The Force of Deliberate Disruption
While continuous improvement is great and often sufficient, processes and ways of working tend to move towards order. In many large, stable organizations, regardless of the hustle and bustle of the world, this can lead to a feeling of stagnation. When we call for more innovation, we usually cry for change. If continuous improvement is the process of adapting ourselves to the context, deliberate disruption is the process of changing the context. We can force new, innovative working methods to emerge by changing the rules of the game rather than the playing style. For example, limiting resources can spark new creative ideas or trigger searches for more efficient tooling. Changing the context ever so slightly creates just enough discomfort for people to move - this disrupts the order and creates a new innovation cycle.
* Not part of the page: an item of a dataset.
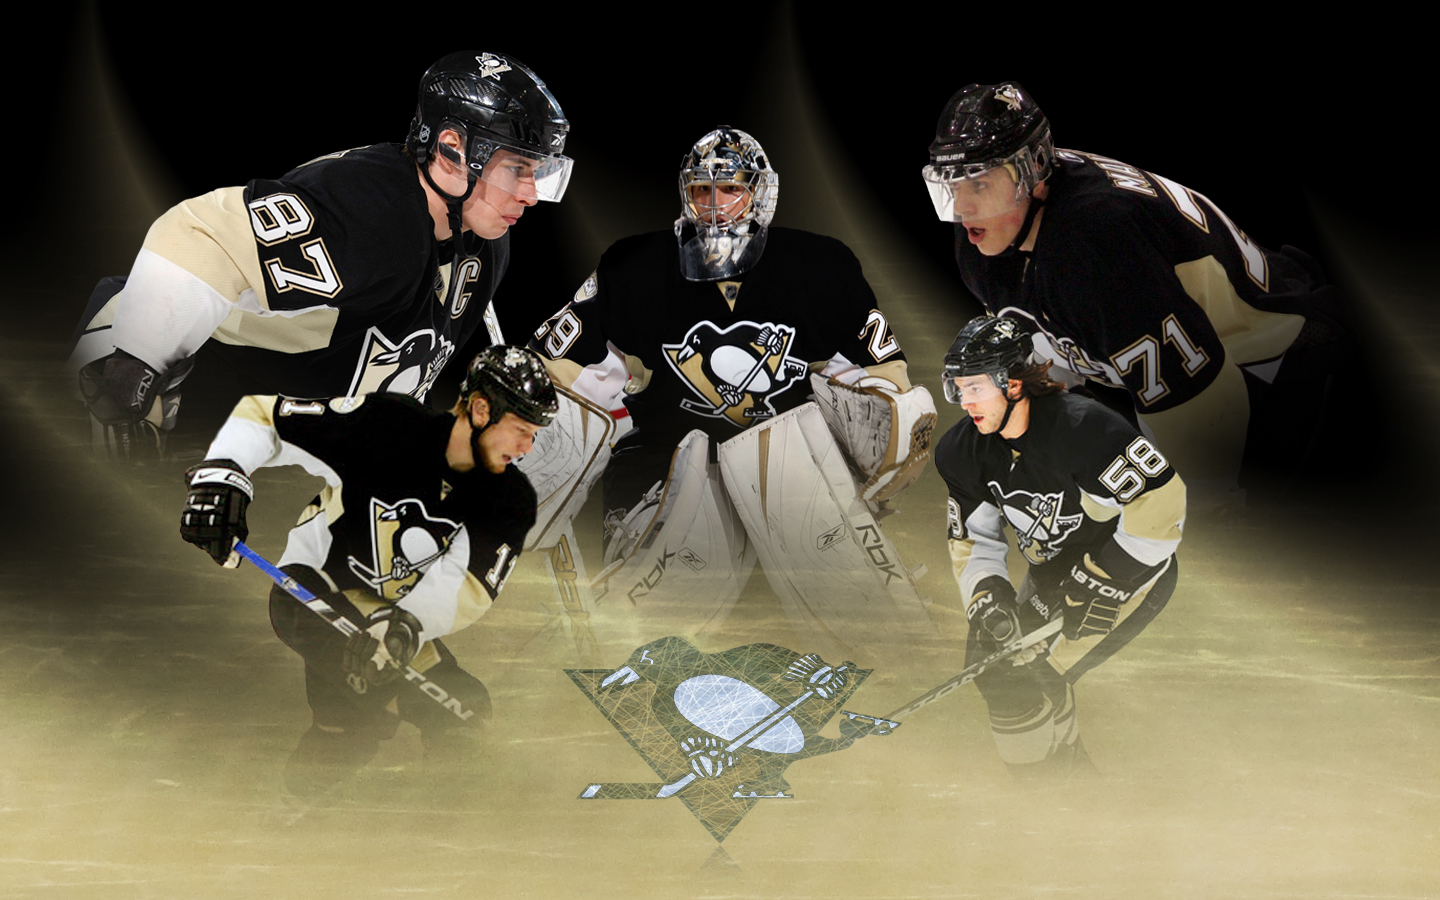 Pittsburgh Penguins wallpapers Pittsburgh Penguins background   Page 1440x900

Measuring What Truly Matters
Lastly, change is never for change's sake. We always strive to get something from the change; we want to be better tomorrow than we are today. But how does better actually look, and are we measuring it? Running effective continuous improvement or controlled disruption experiments requires us to select the right metrics for tracking progress. We will always "get what we measure," if our teams are measured on story points or features built, they will deliver that exact thing when actually we are more concerned about customer retention, profits, or revenue - but those are rarely the metrics we give to our teams.
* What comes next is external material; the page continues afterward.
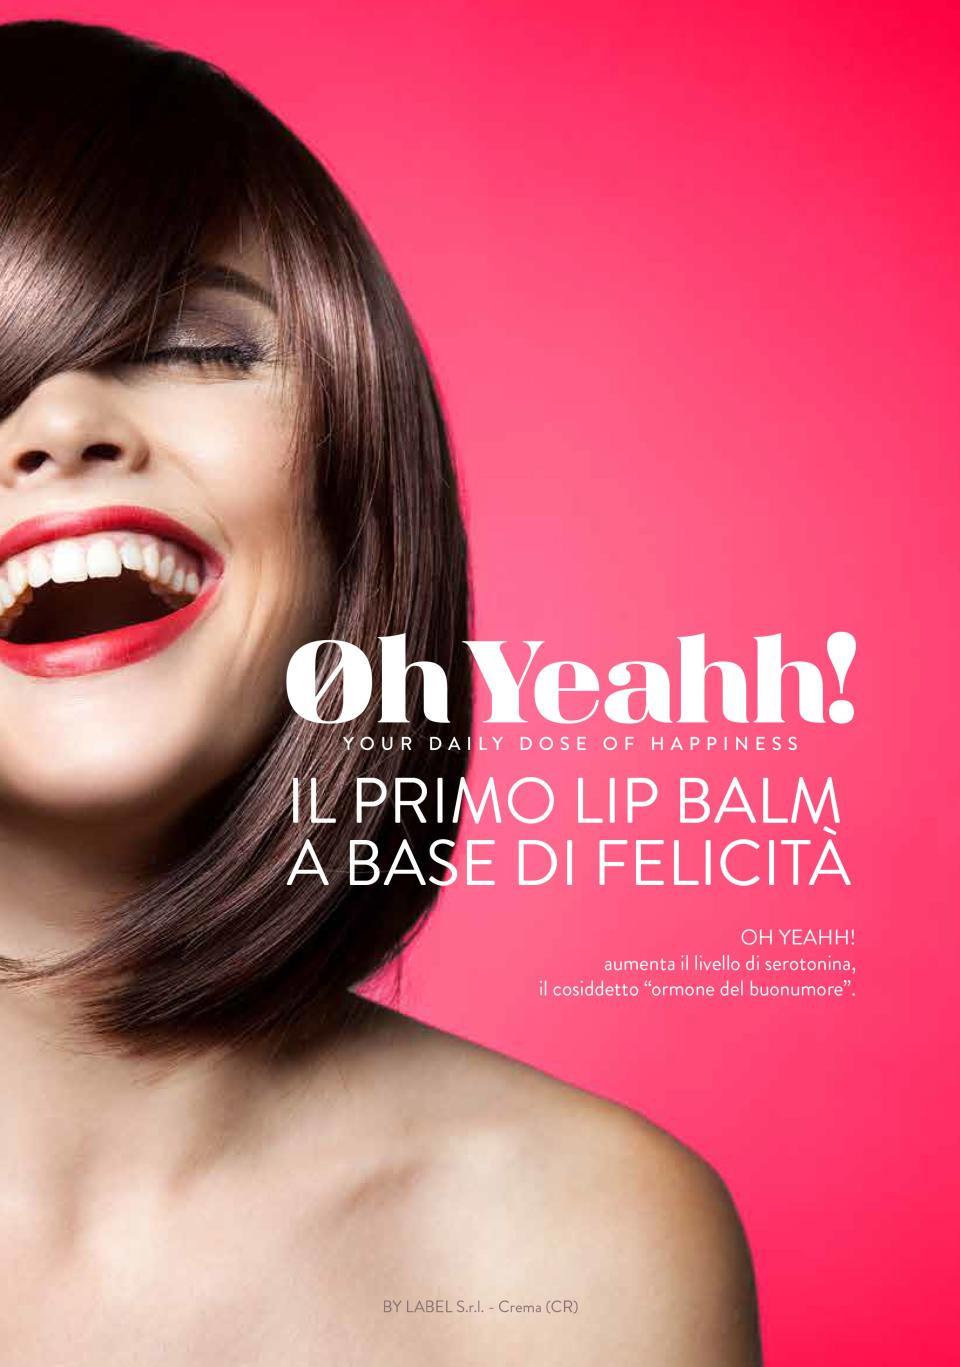 An advertisement for the brand in Italian that reads: "Il primo lip balm a base di felicità," or "the first lip balm based on happiness."

The choice of faulty metrics drives the story that our digital organization is somehow detached from the business - but we’ve created a situation where alignment is simply not possible for them.
Adopting a tailored approach to digitization that emphasizes continuous improvement, effective measurement, and controlled disruption can guide organizations in crafting a path best suited to their unique context. It’s a way to continuously transform towards a better tomorrow rather than betting heavily on silver bullets that oftentimes don’t work.